Here is the recipe for Chef Max’s corn fritters:
For the remoulade:
2 cups mayonnaise
Juice of 1 lime
2 tablespoons stemmed, chopped cilantro
2 tablespoons Blackened Spice
2 garlic cloves, minced
3 tablespoons hot sauce
For the fritters:
1 tablespoon coconut oil
1/4 medium yellow onion, diced
4 scallions, sliced (white and light green part)
2 cloves garlic, minced
1 red bell pepper, cored, seeded, and minced
1 tablespoon chopped fresh thyme
1/2 bunch cilantro, stemmed and chopped
3 cups all-purpose flour
1 tablespoon baking powder
3 eggs, lightly beaten
Vegetable oil, for frying
Prepare the remoulade: In a medium mixing bowl, stir together the mayonnaise, lime juice, cilantro, Blackened Spice, garlic, and hot sauce.
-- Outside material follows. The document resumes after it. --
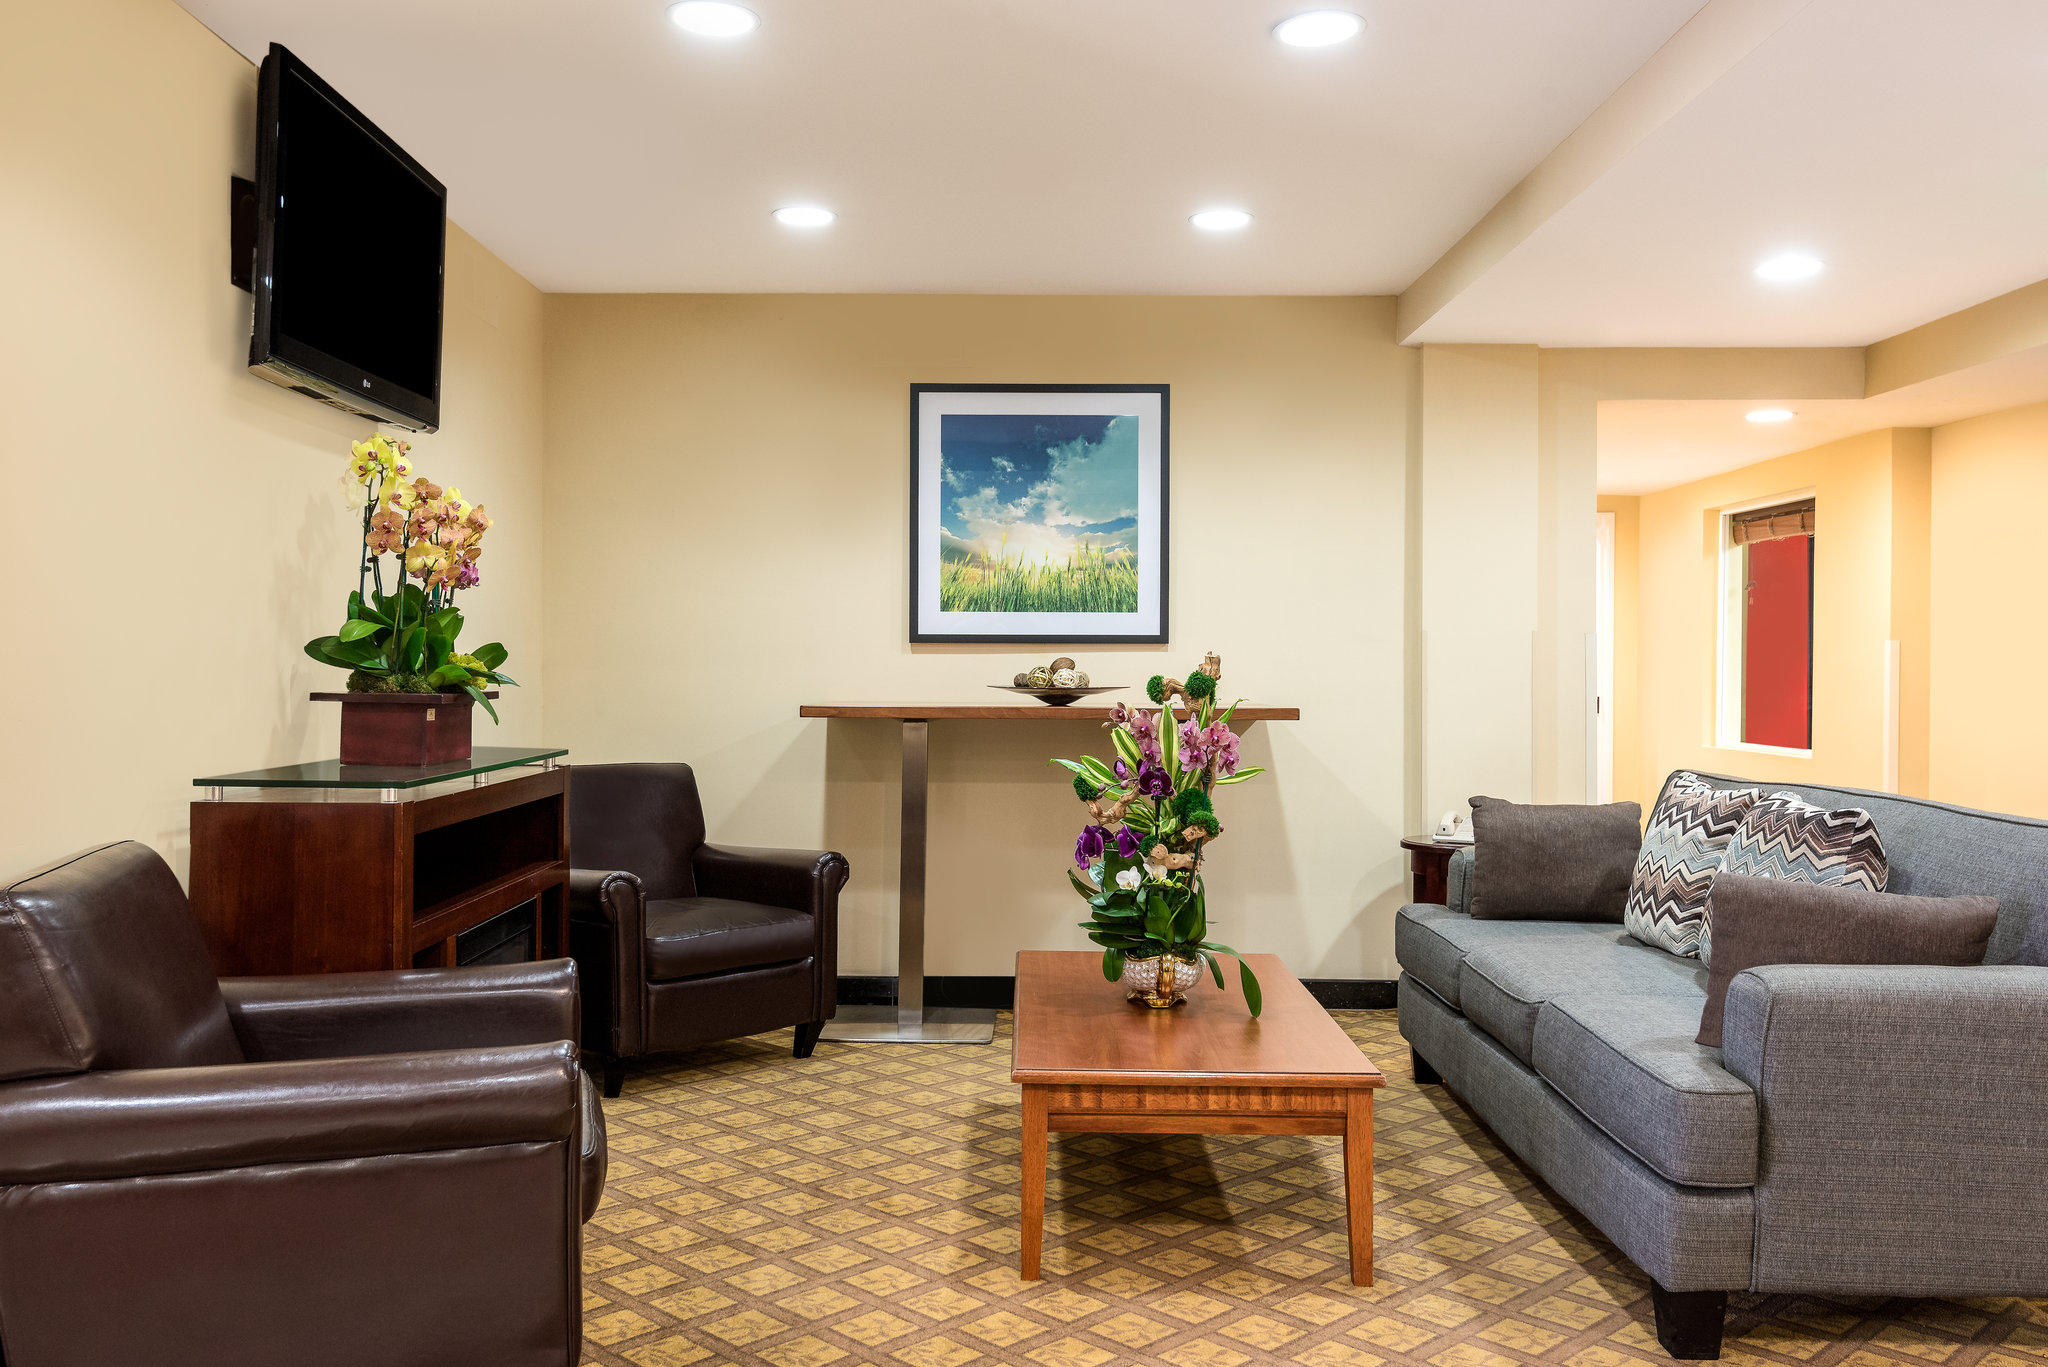 Candlewood Suites LAX Hawthorne, an IHG Hotel

Mix very well. Cover and refrigerate until serving time.
Heat a large saute pan over medium heat for 1 minute or until very hot. Add the coconut oil, onion, scallion, Corn, garlic, bell pepper, thyme, and cilantro. Sauté for 2 minutes or until the vegetables start to color. Remove from the heat and set aside to cool.
In a large mixing bowl, stir together the flour and baking powder. Add the eggs and 2 1/2 cups of ice-cold water. Whisk until very smooth. Add vegetable mixture and stir until all the ingredients are well incorporated.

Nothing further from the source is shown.